Best Price Modern Wholesale opened for business Saturday in northern India’s Punjab Province. The big-box wholesale outlet is notable for several reasons. First and foremost, it represents the world’s largest retailer’s initial foray into the world’s second-most populous country. Next is size: While relatively modest by US standards, the 50,000-square-foot store is by far the largest commercial building in Amritsar (aka The city of the Golden Temple). As for the name, while descriptive it doesn’t exactly glide off the tongue.

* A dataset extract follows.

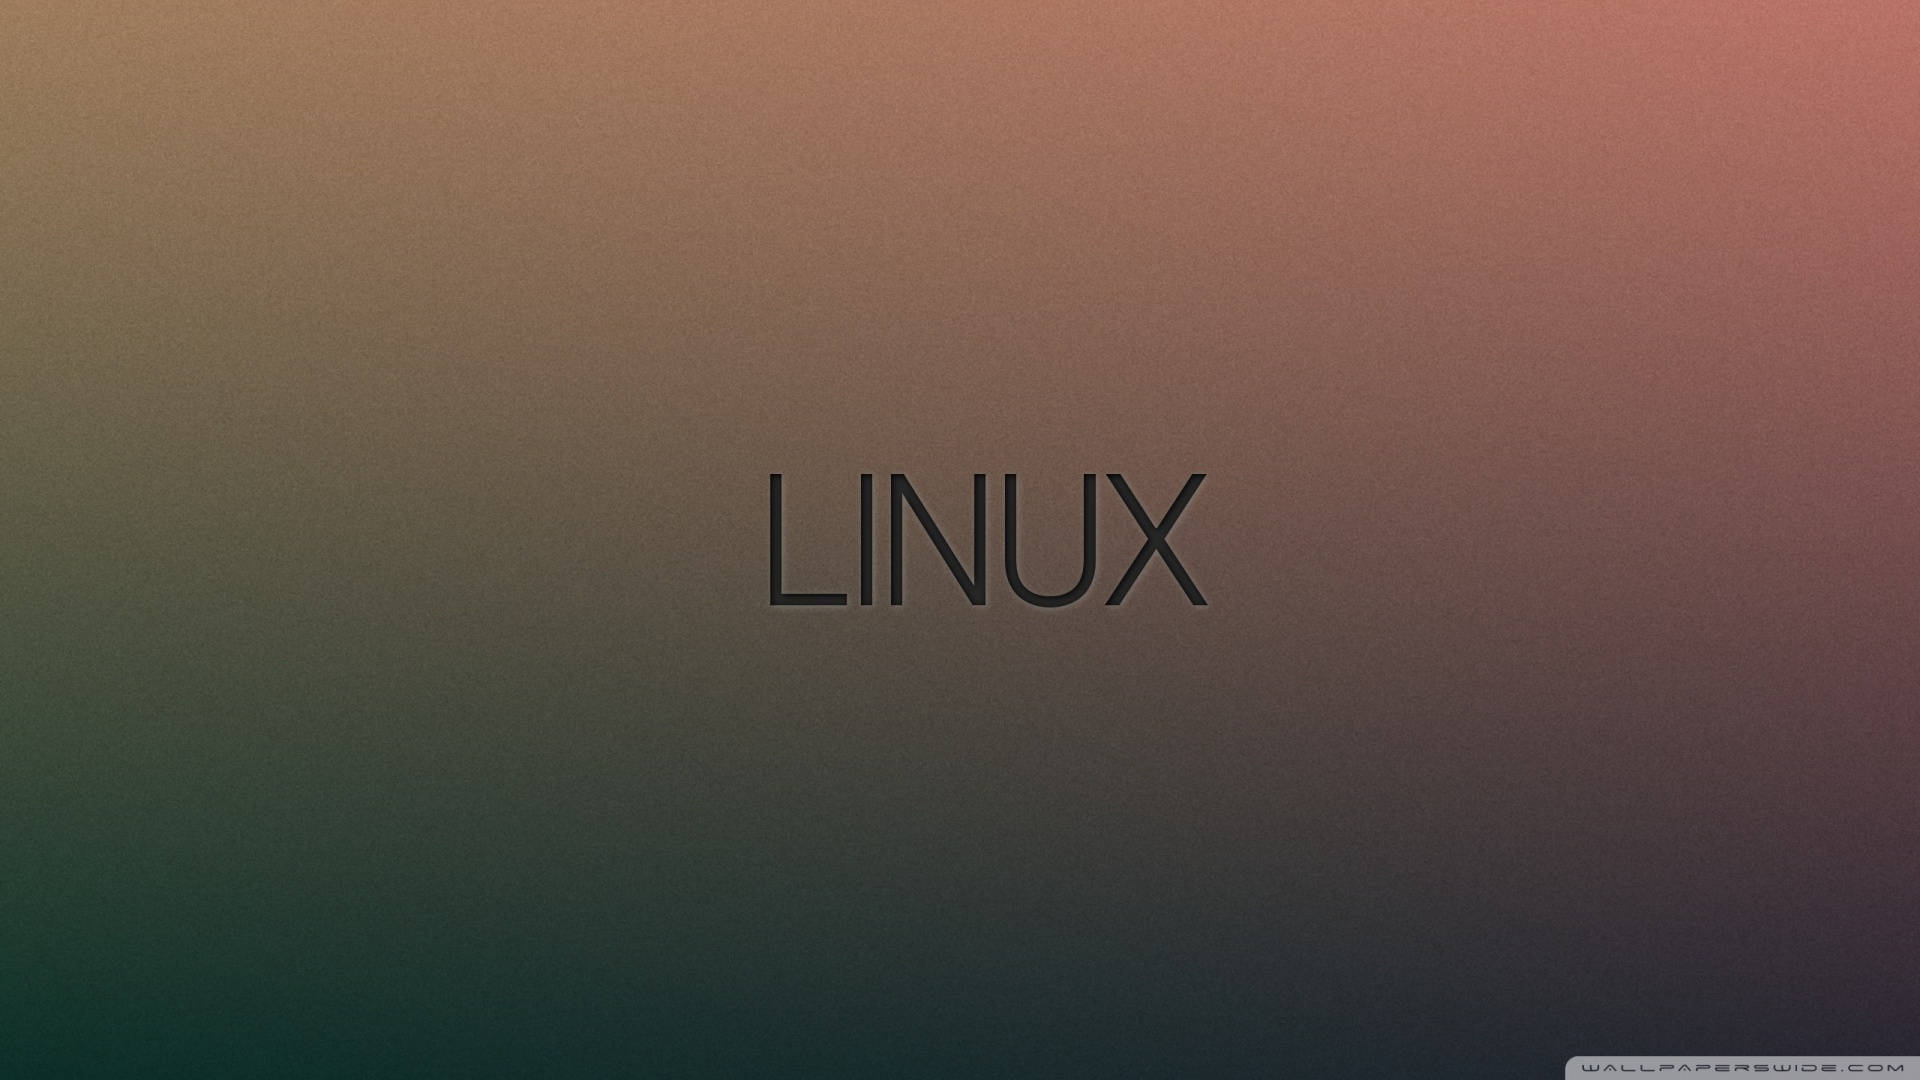 Minimalist Linux Gradient

The new store is run by Bharti Wal-Mart Private Limited, a 50-50 joint venture between the Indian conglomerate Bharti Enterprises and the Bentonville Behemoth, Wal-Mart Stores. Indian law prohibits foreign retailers from selling directly to consumers, so Best Price Modern Wholesale (BPMW) will sell produce, groceries and other staples, apparel, footwear, and other general merchandise to licensed merchants — including pushcart operators and small store owners — hospitals, hotels, restaurants, and other enterprises. (It will also serve retailers, such as Bharti Retail, which is setting up a chain of retail stores in India.) Patrons of BPMW must be registered members. Membership is free.
Following Saturday’s debut, which had been in the works for about two years, the joint venture expects to open 10 to 15 of the deep-discount cash-and-carry outlets across northern India by 2012. If all goes according to plan, establishing a pan-Indian presence will follow.
The Indian retail market is huge, fragmented, and undeveloped. It obviously presents a huge opportunity for Wal-Mart, which rings up about a quarter of its sales outside the US. The new venture will draw customers from the legions of pushcart operators who come to BPMW to stock their carts. Representatives from Bharti Wal-Mart have made it clear to local merchants that it intends to supply them, NOT compete with them. Indeed, Bharti Wal-Mart says it will enhance their businesses and profitability by providing access to quality products at low prices. (Sound familiar?) Wal-Mart, which already sources more than $1 billion worth of goods from India, is touting the expertise in supply chain management and logistics that it brings to the venture. Still, building a nationwide supply chain network in a country as vast and diverse as India will test even Wal-Mart’s mettle.